A medida que vas creciendo en la vida cristiana, descubres que además de hacer de Cristo tu Salvador, es absolutamente imprescindible hacerlo tu Señor. Nunca vivirás la vida en toda su plenitud ni llegarás a sentirte totalmente realizado hasta que le hayas rendido completamente todo el control de tu vida a Jesús. De esto, precisamente, trata el siguiente relato.
MI CORAZÓN, EL LUGAR DONDE VIVE CRISTOPor Roberto Boyd MungerUna tarde invité a Cristo a entrar en mi corazón, ¡y qué entrada la suya! No fue algo emocional, simplemente, ni tuvo nada de espectacular, pero fue muy real. Algo ocurrió en el mismo centro de mi vida. Llegó a mi corazón, que estaba a oscuras, y encendió la luz. Encendió un fuego y el frío se fue. Puso música donde antes reinaba el silencio y con su compañía, tan amorosa e indescriptible, llenó el vacío. Jamás he lamentado haberle abierto la puerta a Cristo, y nunca lo lamentaré.
En la alegría especial de esta nueva relación, le dije a Jesús:
—Señor, quiero que mi corazón sea tuyo. Quiero que te instales aquí y que sientas que estás en tu casa. Todo lo que tengo te pertenece. Ven, quiero que conozcas mi casa.

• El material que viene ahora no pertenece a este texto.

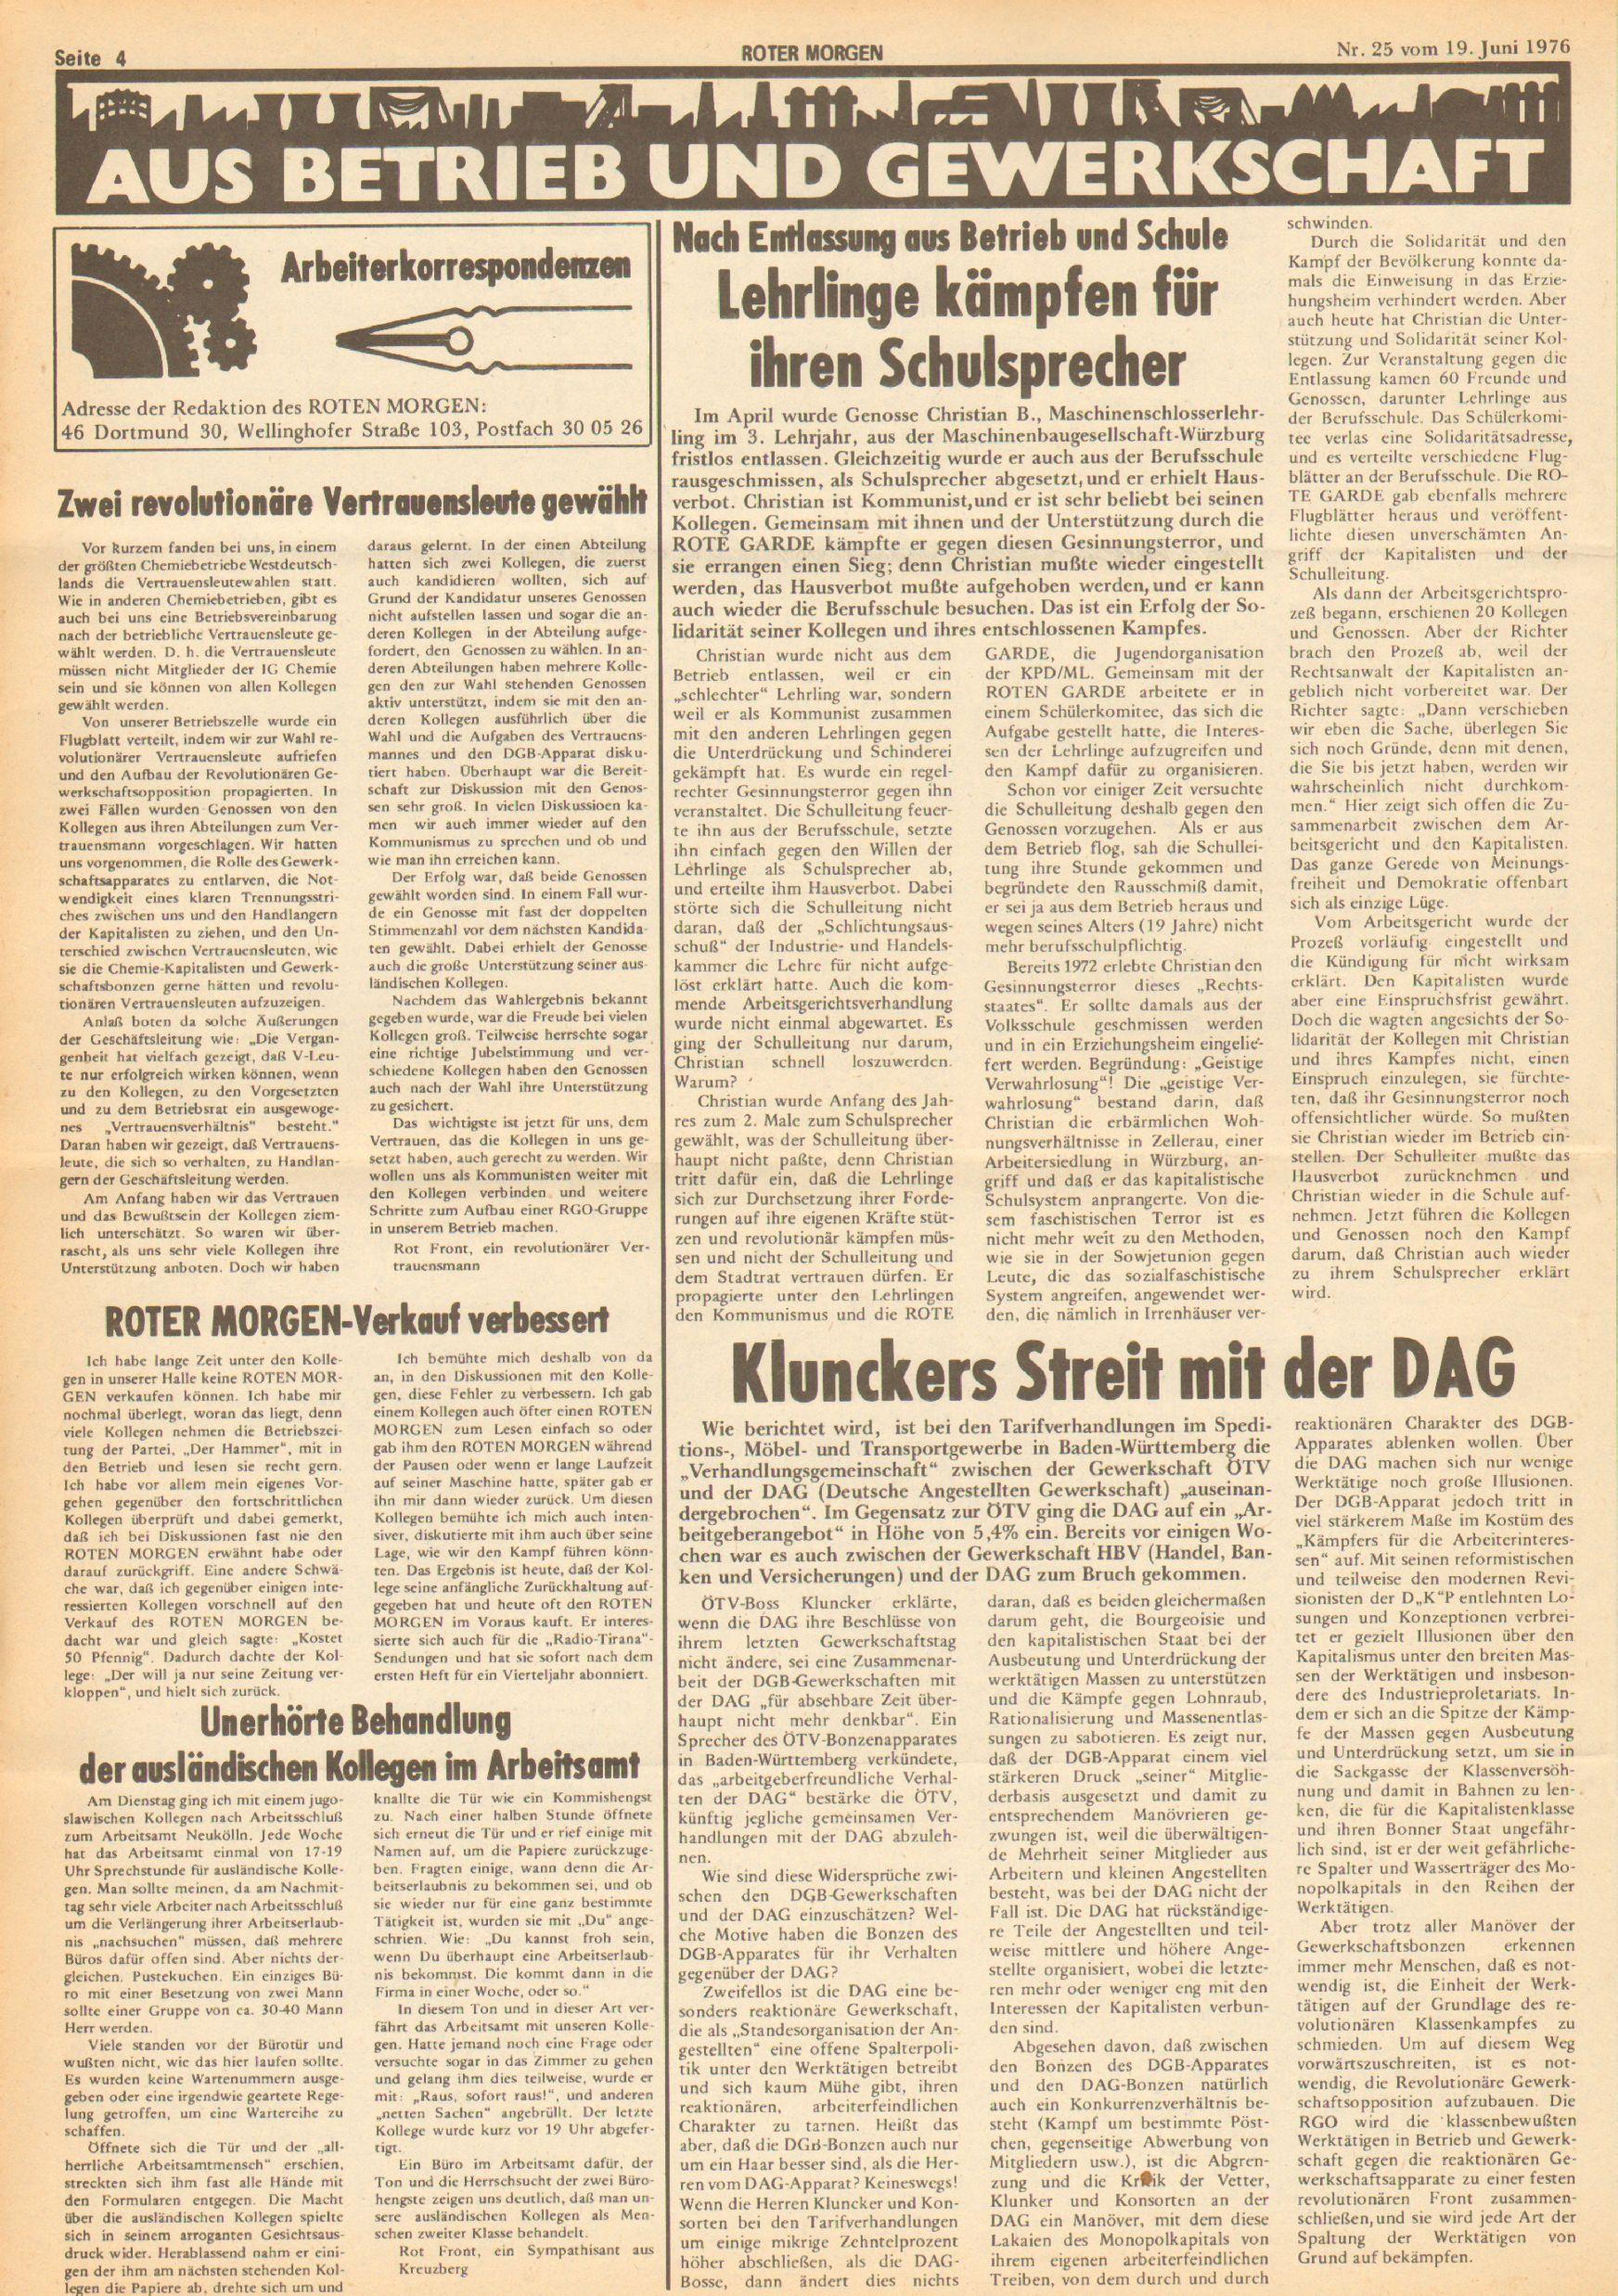 Roter Morgen, 10. Jg., 19. Juni 1976, Nr. 25, Seite 4

La oficinaEl primer cuarto fue mi oficina, la biblioteca. En mi casa, esta habitación de la mente es muy pequeña, con paredes gruesas. Pero es una habitación muy importante. En cierto forma, es la sala de control de toda la casa. Entró conmigo y su mirada recorrió los libros de los estantes, las revistas sobre la mesa, los cuadros en las paredes… Mientras seguía su mirada empecé a sentirme un tanto incómodo.
Qué extraño… antes nunca había sentido nada, pero ahora que él lo miraba todo comencé a tomar conciencia. Había libros en las estanterías que esos ojos santos no podían contemplar. De las revistas que estaban sobre la mesa, había algunas que tenían que estar bien lejos de un creyente en Cristo. Y los cuadros… la inspiración para algunos de ellos y el pensamiento que representaban, honestamente, eran bochornosos.
Avergonzado, me volví a él y le dije:
—Maestro, yo sé que este lugar necesita ser limpiado y puesto en orden. ¿Me ayudarás a dejarlo como corresponde?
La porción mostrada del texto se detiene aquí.